DATA SHOWN ::
--- START ---

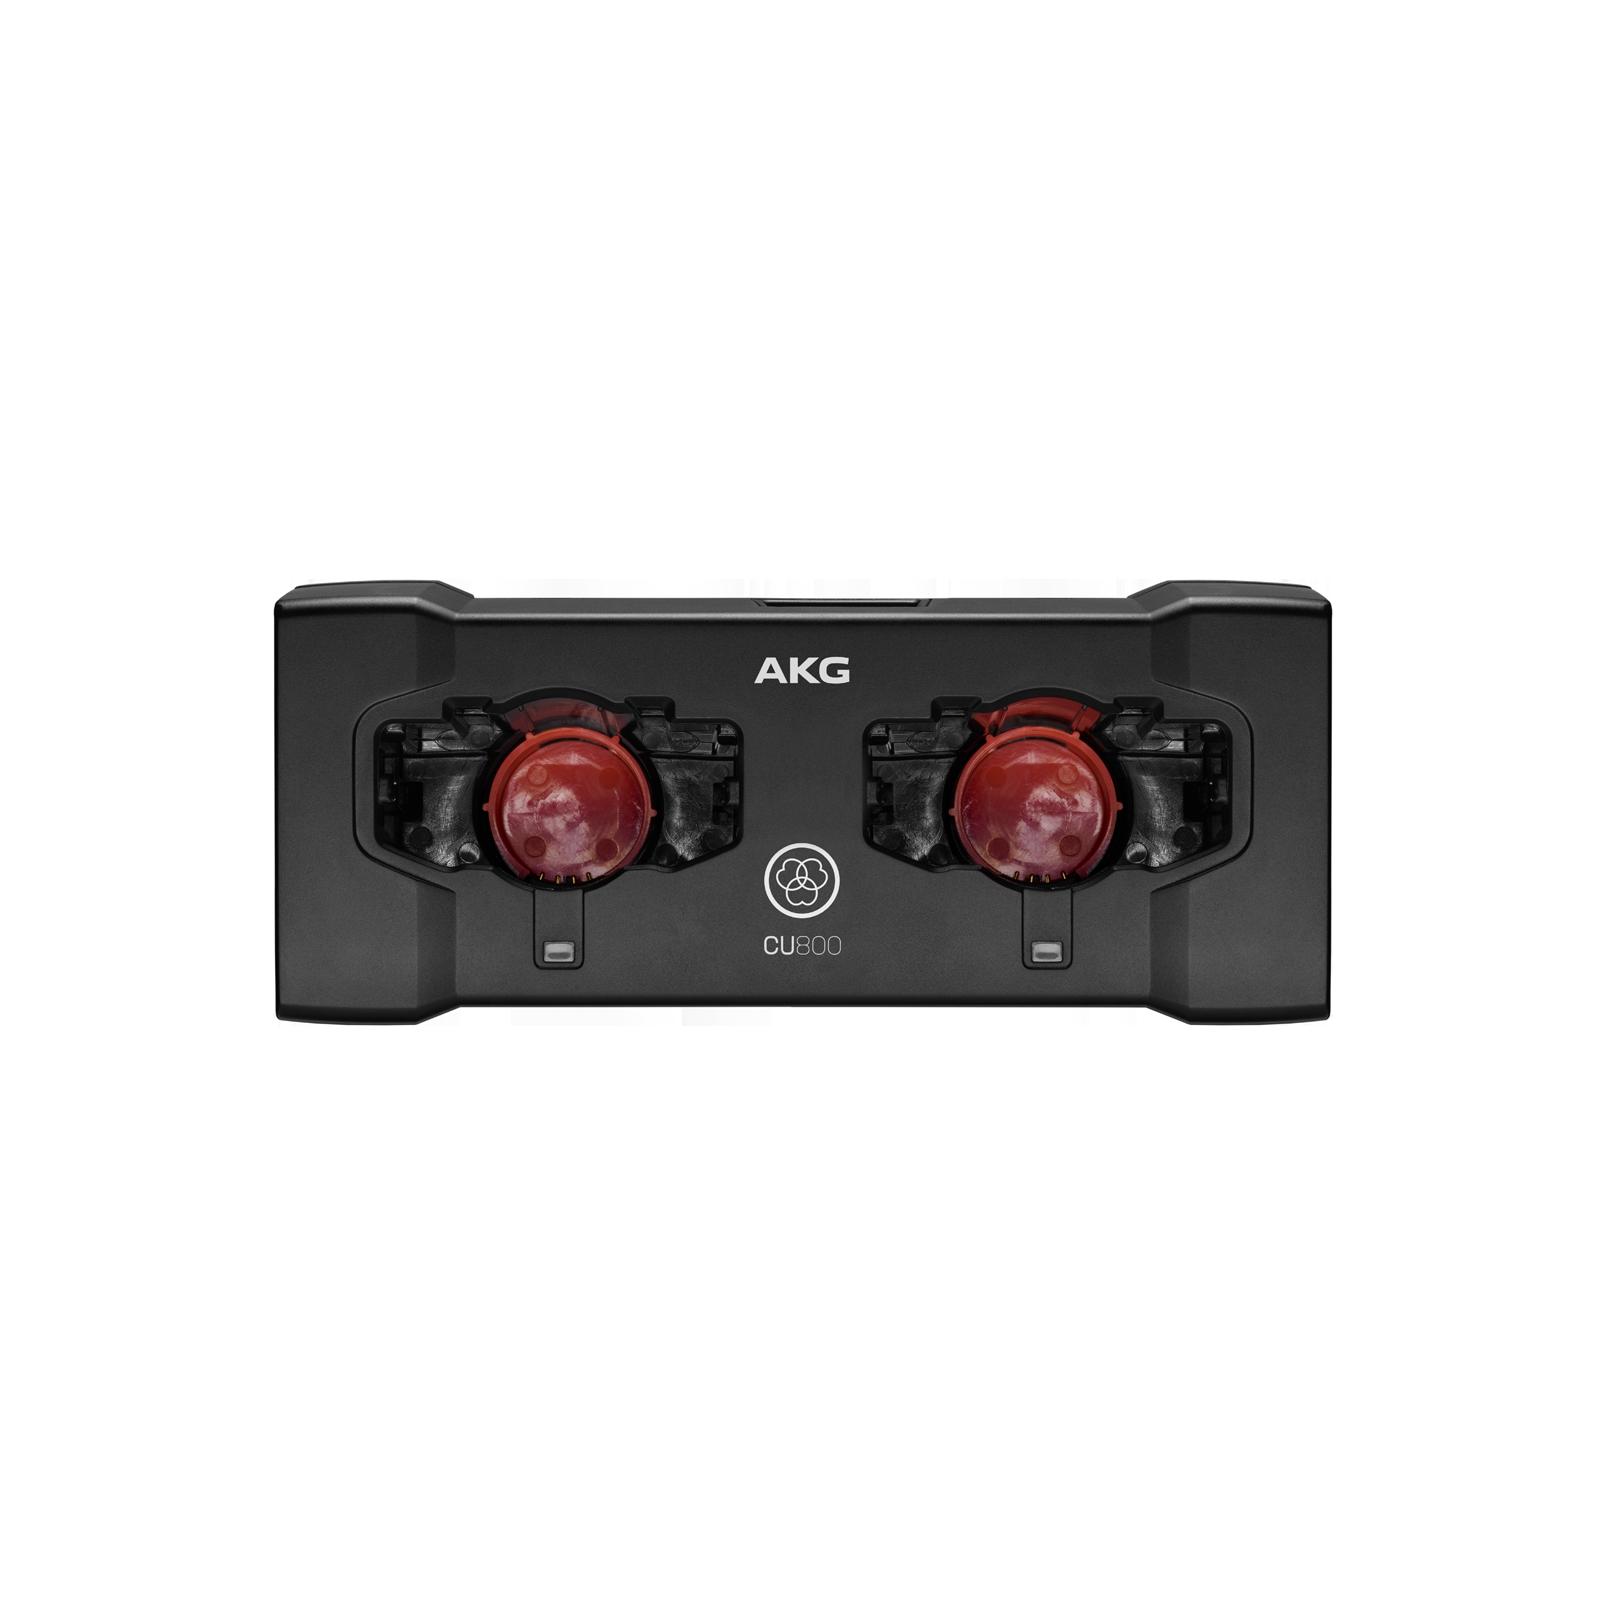 CU800 - Black - Charging unit for DHT800 and DPT800 transmitters - Detailshot 3
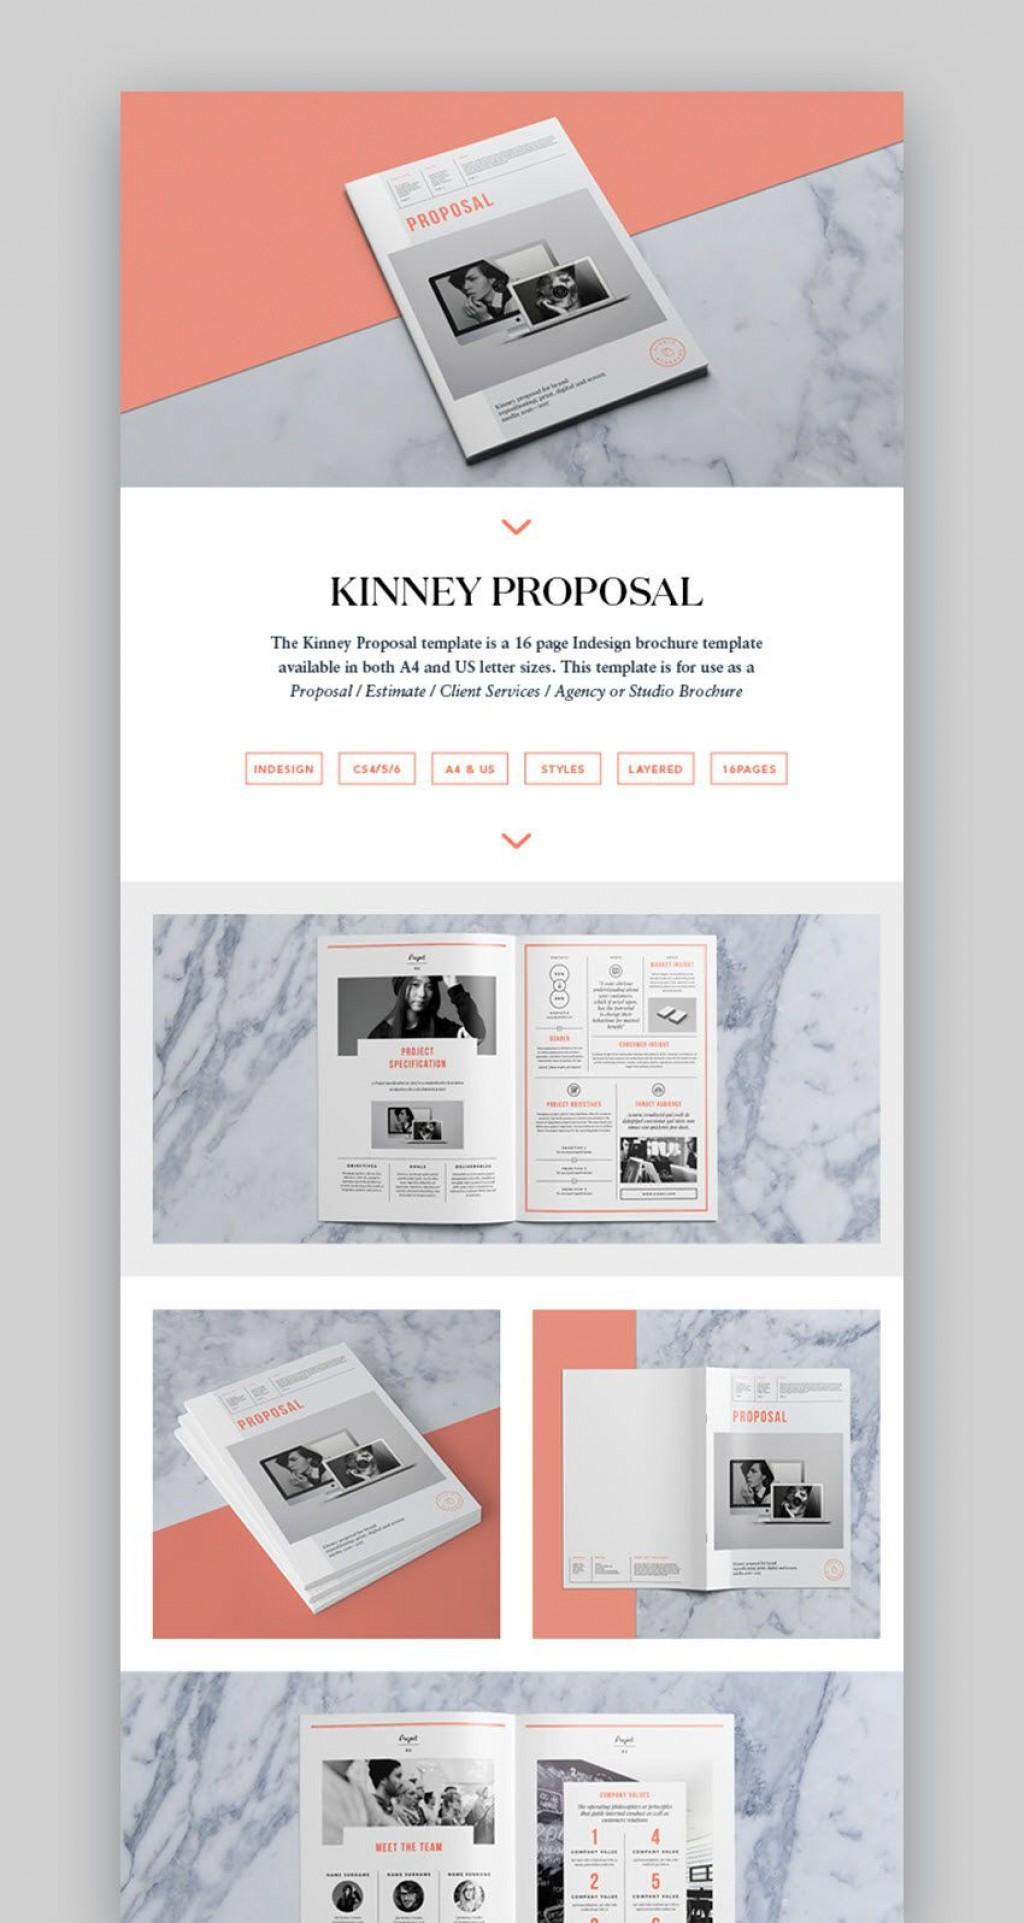 005 Impressive Graphic Design Proposal Sample Inspiration  Pdf Free Template IndesignLarge
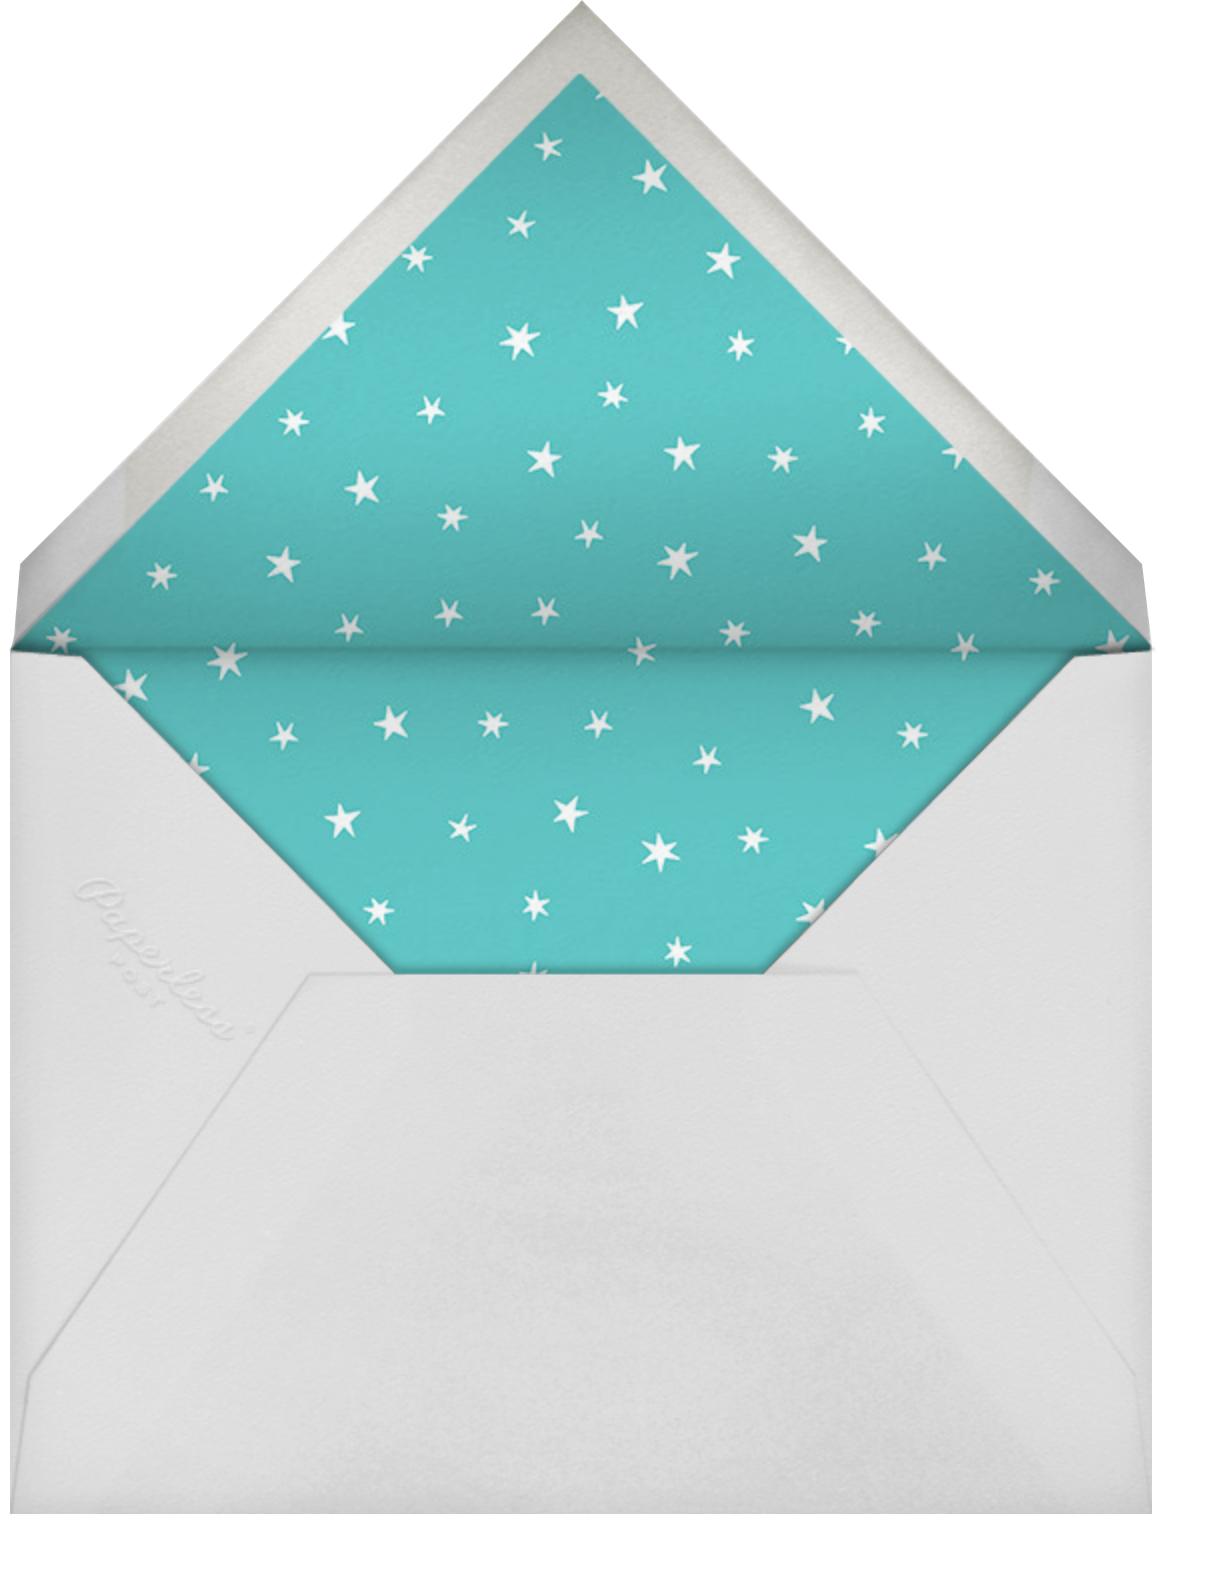 Nightly (Photo) - Celadon/Gold - Paperless Post - Envelope

--- END ---

WORK ITEM :: Output, exactly and without pictures, the span of lines that starts at the line containing "005 Impressive Graphic" and ends at the last line above.

YOUR RESPONSE ::
 005 Impressive Graphic Design Proposal Sample Inspiration  Pdf Free Template IndesignLarge
 Nightly (Photo) - Celadon/Gold - Paperless Post - Envelope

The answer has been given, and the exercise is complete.